Saved entries:

··········

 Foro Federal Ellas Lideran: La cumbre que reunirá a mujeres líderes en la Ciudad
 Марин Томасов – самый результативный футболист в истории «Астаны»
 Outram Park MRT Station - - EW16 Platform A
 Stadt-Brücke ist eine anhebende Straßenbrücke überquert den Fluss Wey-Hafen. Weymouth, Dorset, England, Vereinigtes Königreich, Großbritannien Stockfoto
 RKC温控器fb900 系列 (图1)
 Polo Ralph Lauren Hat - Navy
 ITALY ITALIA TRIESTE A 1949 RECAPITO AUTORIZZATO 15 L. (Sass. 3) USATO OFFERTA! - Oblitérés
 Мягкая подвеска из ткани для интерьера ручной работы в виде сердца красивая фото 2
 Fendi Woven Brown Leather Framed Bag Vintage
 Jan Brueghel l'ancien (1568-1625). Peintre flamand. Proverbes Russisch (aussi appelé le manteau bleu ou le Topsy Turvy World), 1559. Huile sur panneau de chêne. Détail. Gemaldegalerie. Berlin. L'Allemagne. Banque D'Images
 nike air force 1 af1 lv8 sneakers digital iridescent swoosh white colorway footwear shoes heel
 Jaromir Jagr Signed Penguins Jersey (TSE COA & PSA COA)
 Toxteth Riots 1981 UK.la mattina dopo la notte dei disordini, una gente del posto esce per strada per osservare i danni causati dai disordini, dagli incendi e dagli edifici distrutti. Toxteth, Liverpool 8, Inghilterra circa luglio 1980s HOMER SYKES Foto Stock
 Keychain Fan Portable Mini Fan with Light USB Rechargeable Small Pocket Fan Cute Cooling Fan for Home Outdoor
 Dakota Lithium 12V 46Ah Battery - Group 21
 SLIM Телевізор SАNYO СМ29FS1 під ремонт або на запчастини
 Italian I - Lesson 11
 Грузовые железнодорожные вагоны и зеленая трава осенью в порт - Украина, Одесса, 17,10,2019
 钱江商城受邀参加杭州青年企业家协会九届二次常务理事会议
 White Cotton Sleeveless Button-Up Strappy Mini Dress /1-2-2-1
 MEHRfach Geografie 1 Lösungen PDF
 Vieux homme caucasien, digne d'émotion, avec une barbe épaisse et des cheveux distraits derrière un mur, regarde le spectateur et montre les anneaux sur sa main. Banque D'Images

··········

Task item -
Copy each line above holding "Images".

Problem solution -
 Jan Brueghel l'ancien (1568-1625). Peintre flamand. Proverbes Russisch (aussi appelé le manteau bleu ou le Topsy Turvy World), 1559. Huile sur panneau de chêne. Détail. Gemaldegalerie. Berlin. L'Allemagne. Banque D'Images
 Vieux homme caucasien, digne d'émotion, avec une barbe épaisse et des cheveux distraits derrière un mur, regarde le spectateur et montre les anneaux sur sa main. Banque D'Images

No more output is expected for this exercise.